**EXERCISE PROMPT**
Go to the line holding "Nous proposons à" in the data below. Return it and each line after it through the last, exactly, and skip the pictures.

**DATASET EXTRACT**

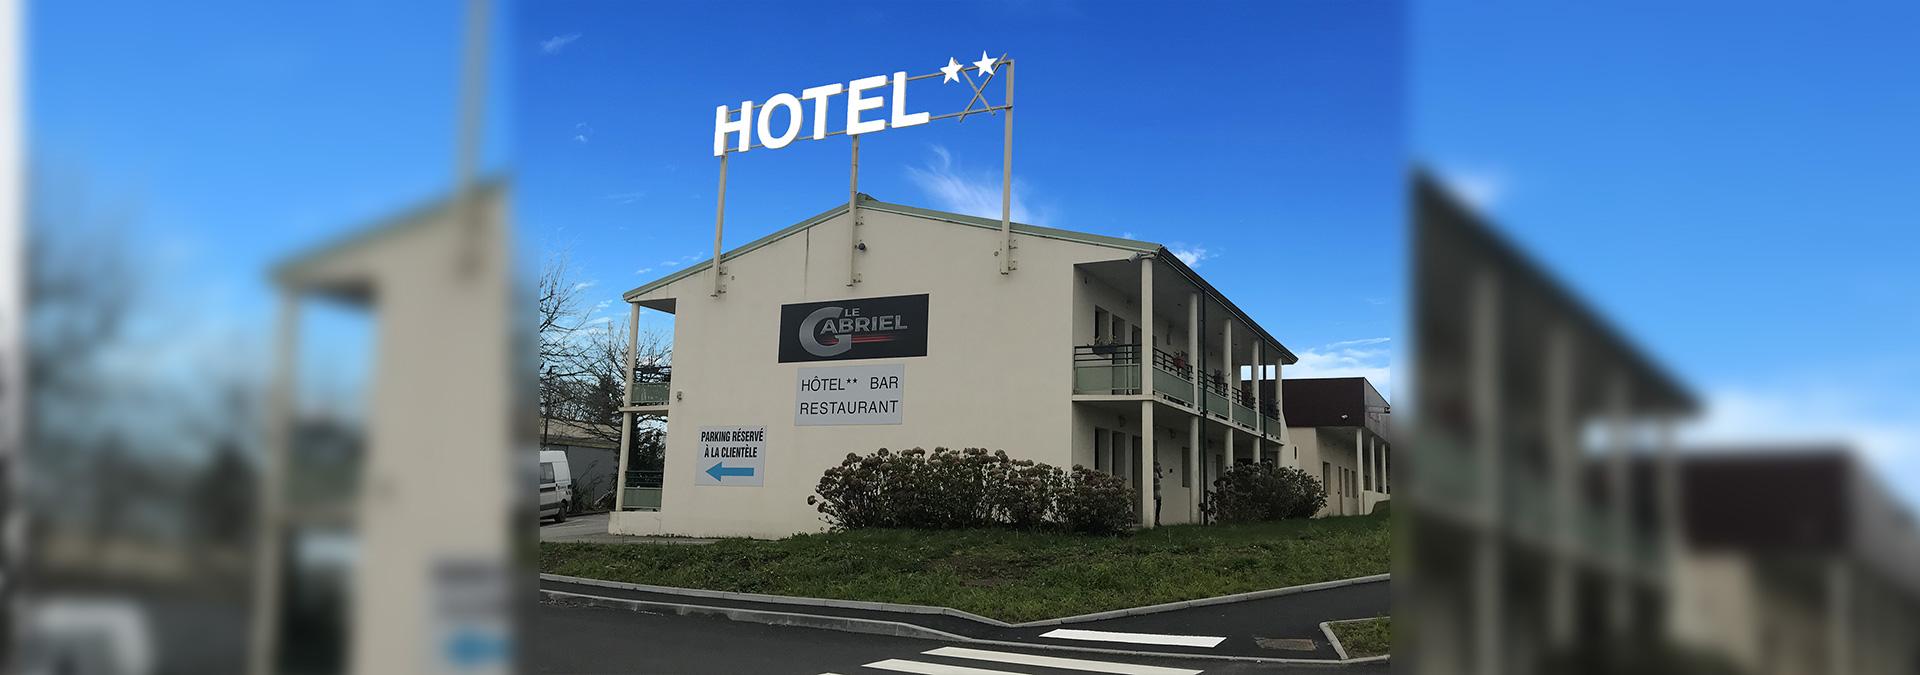 Hotel Caudan
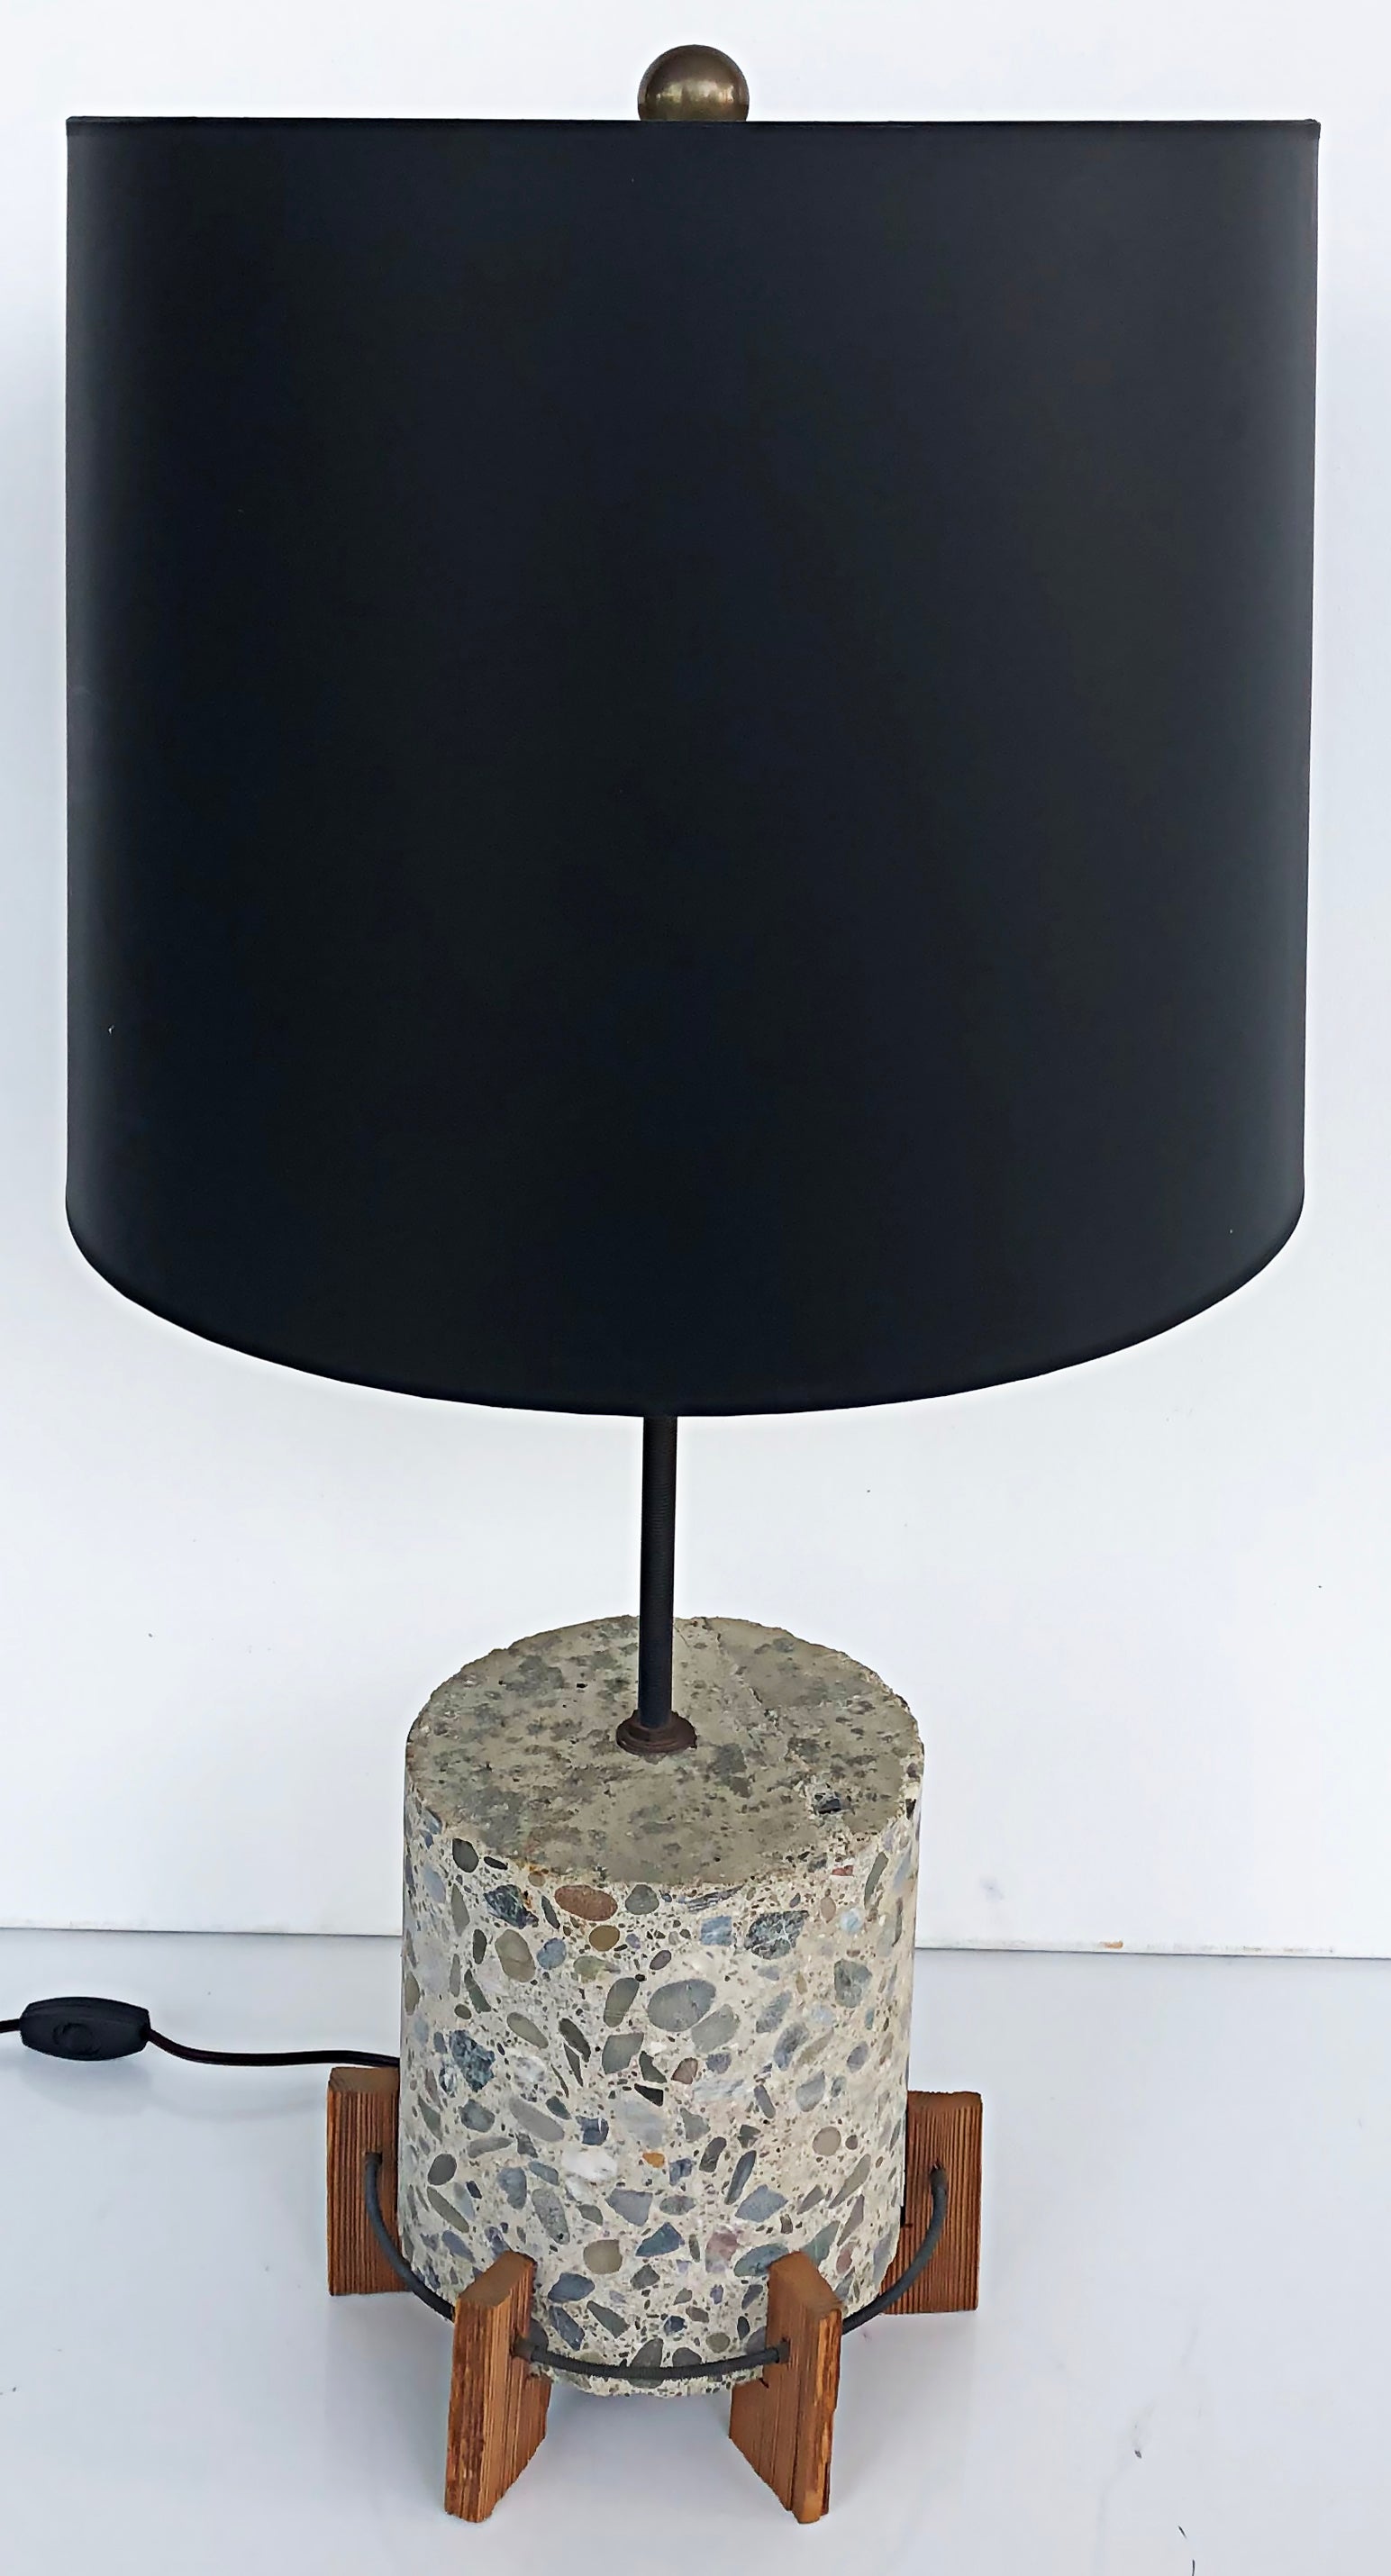 Vintage Richard Lee Parker Studio lampe de table en bois terrazzo, signée 1992.

Nous proposons à la vente une lampe de table en bois et Terrazzo de studio vintage. La lampe a une touche industrielle et est quelque peu rustique. Cette pièce unique
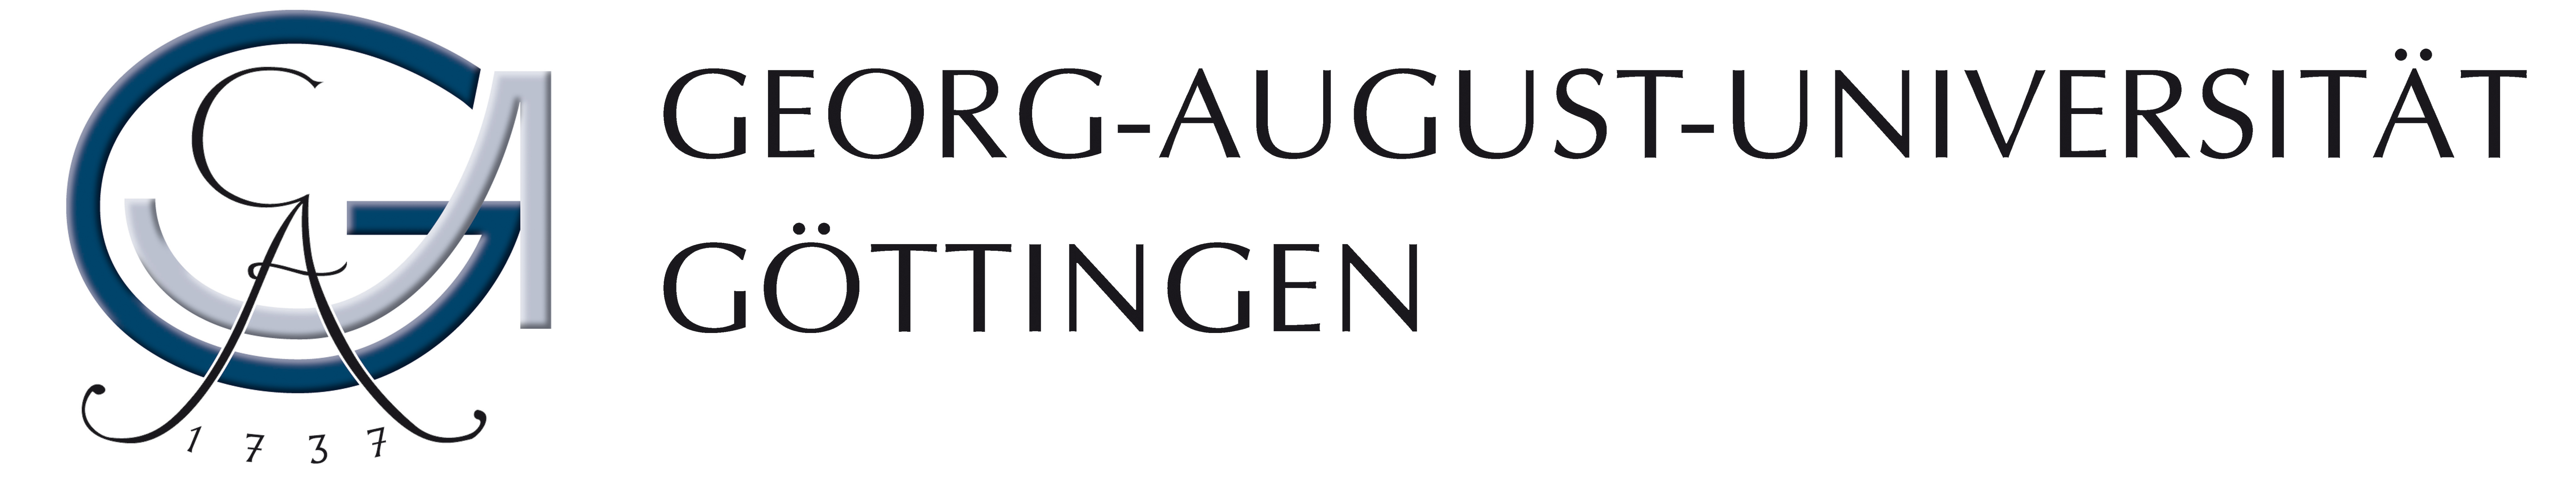 Logo Universitaet Goettingen - Georg-August

**WRITTEN SOLUTION**
Nous proposons à la vente une lampe de table en bois et Terrazzo de studio vintage. La lampe a une touche industrielle et est quelque peu rustique. Cette pièce unique
 Logo Universitaet Goettingen - Georg-August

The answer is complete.